Some Things That You Didn't Know About Smoking…

Now I know that all of you smokers out there know darned well that smoking isn’t good for you, so I’m not going to go on and on about the main problems that smoking can cause you, these things are already well documented, but I will say this; you can eat five portions of fruit and veg a day and exercise regularly, but healthy behaviour means little if you continue to smoke.

The message that ‘smoking is bad for you’ is an old one, so not everyone gives it much attention anymore. Here, however, is a list of some of the facts and figures that are not so well known about the health risks of smoking:

There are nearly 4000 chemical compounds in every single cigarette that you smoke, and of these, around 400 are toxic to your body. The tip of a cigarette burns at 700 degrees centigrade, whilst the core burns at 60. This combined heating and burning process turns the tobacco into various toxins (poisons, effectively) which is then sucked toward the butt as you inhale. If you smoke a cigarette right up until the filter, this is where you get a much higher level of toxins into your body.

The most damaging products are:

1) Tar, a carcinogen (substance that causes cancer)

2) The addictive substance is nicotine, which raises cholesterol too

3) carbon monoxide reduces oxygen in the body

The damage caused by smoking is influenced by:

1) How many cigarettes you smoke

2) Whether the cigarette has a filter or not

3) How has the tobacco been prepared

More recent research has shown that smoking reduces life expectancy by seven to eight years and of the 300 people who die every day in the UK as a result of smoking, many are now comparatively young smokers.

It is a staggering fact that if you add together all the deaths of people under the age of 70, who died from traffic accidents, AIDS, breast cancer and drug addiction, there are still more who die from smoking related illnesses.

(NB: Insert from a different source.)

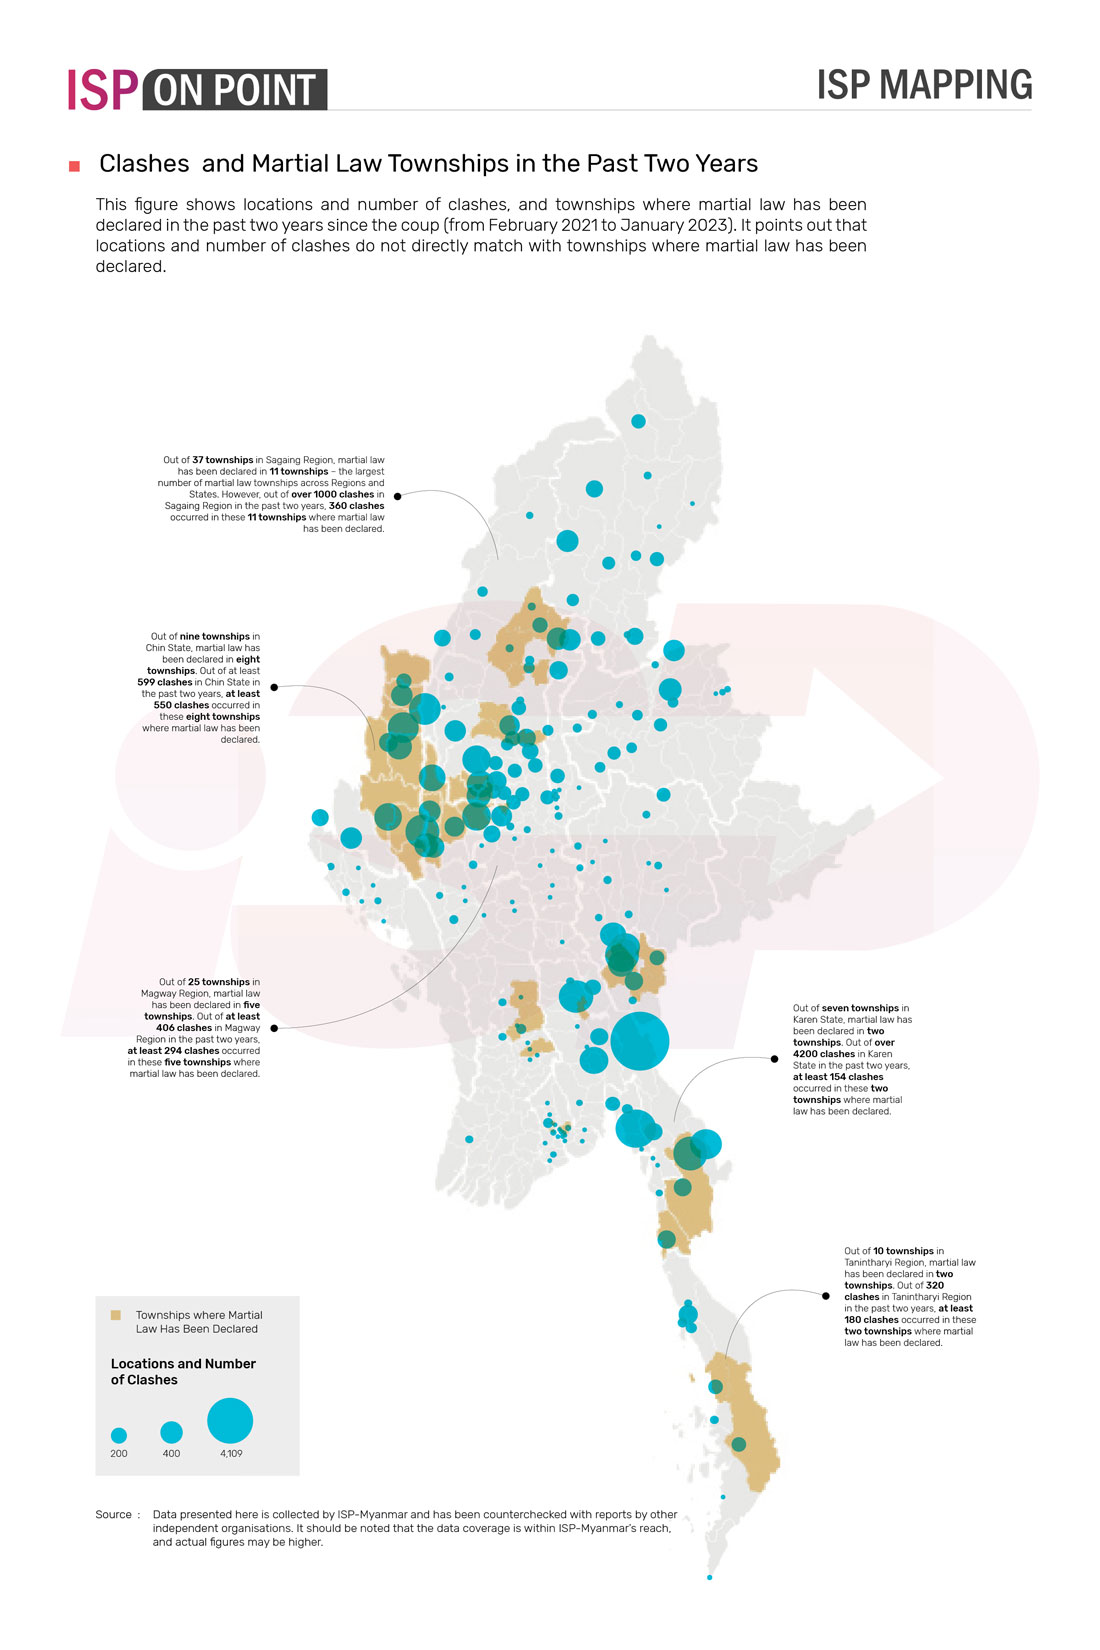 Clashes  and Martial Law Townships in the Past Two Years

I know you’re all going to shout, ah c’mon at this one, but the ugly truth is this…if you started smoking at an early age, smoke more than 20 a day and inhale deeply, the greater your chances of getting lung cancer. It then takes roughly 15 years for your risk of getting lung cancer to drop to that of a non smoker.

Other cancers that are not so publicised are cancers of the mouth. If you smoke the risk is four times that of a non smoker to get cancer on or under the tongue, or on the lips. Another illness that smokers do not tend to be as aware of as lung cancer is COPD (Chronic Obstructive Pulmonary Disease), for which smoking is responsible for 80 percent of cases.

It’s estimated that 94 per cent of 20-a-day smokers have some emphysema when the lungs are examined after death, while more than 90 per cent of non-smokers have little or none. COPD typically starts between the ages of 35 and 45 when lung function starts to decline anyway.

When anyone ages, it is a natural process for their lung function to slowly reduce. However, for a smoker this can be as much as three times faster. Over years, you can expect to become more and more breathless, until needing constant oxygen, hospital care and then death due to slow suffocation…NOT GOOD.

Nicotine itself is known to cause narrowing of the arteries all over the body, but there is one particular problem that affects you guys out there. Men in their 30s and 40s, who smoke, are much more likely to have erectile dysfunction…now you’re listening aren’t you?! Erection cannot happen if the arteries that lead to the penis are not functioning properly, as the blood flow would be reduced, so stopping your performance before it even gets started.

This narrowing effect increases over time, so if you haven’t got problems now, things could change later (and I’m not apologising for scaring you on that one)…in actual fact, erection problems in smokers may be an early warning signal that cigarettes are already damaging other areas of the body – such as the blood vessels that supply the heart.

The ‘side-stream’ smoke that comes off a cigarette between puffs carries a higher risk than directly inhaled smoke, so you’re not doing your non-smoking partners, kids, friends, etc., any good either…feeling guilty yet…?

When a child is brought up in a home where one or both parents smoke, the instances of asthma and bronchitis are twice that of non smoking households. The prevalance of allergies is also much higher. There is a much greater risk of cot death and chest infections amongst the very young.

For adults, passive smoking seems to increase the risk of lung cancer, but the evidence for an increased risk of heart disease is not yet conclusive, but what is certain is that non-smokers and ex-smokers can look forward to a healthier old age than smokers.

So after all this, what is my message? Well I hope to have given you one or two things that you had never thought of before to think about. There are folks out there who love you, and there are 100’s of stop smoking programmes to help you too. Go on, give it a go…and stop smoking now!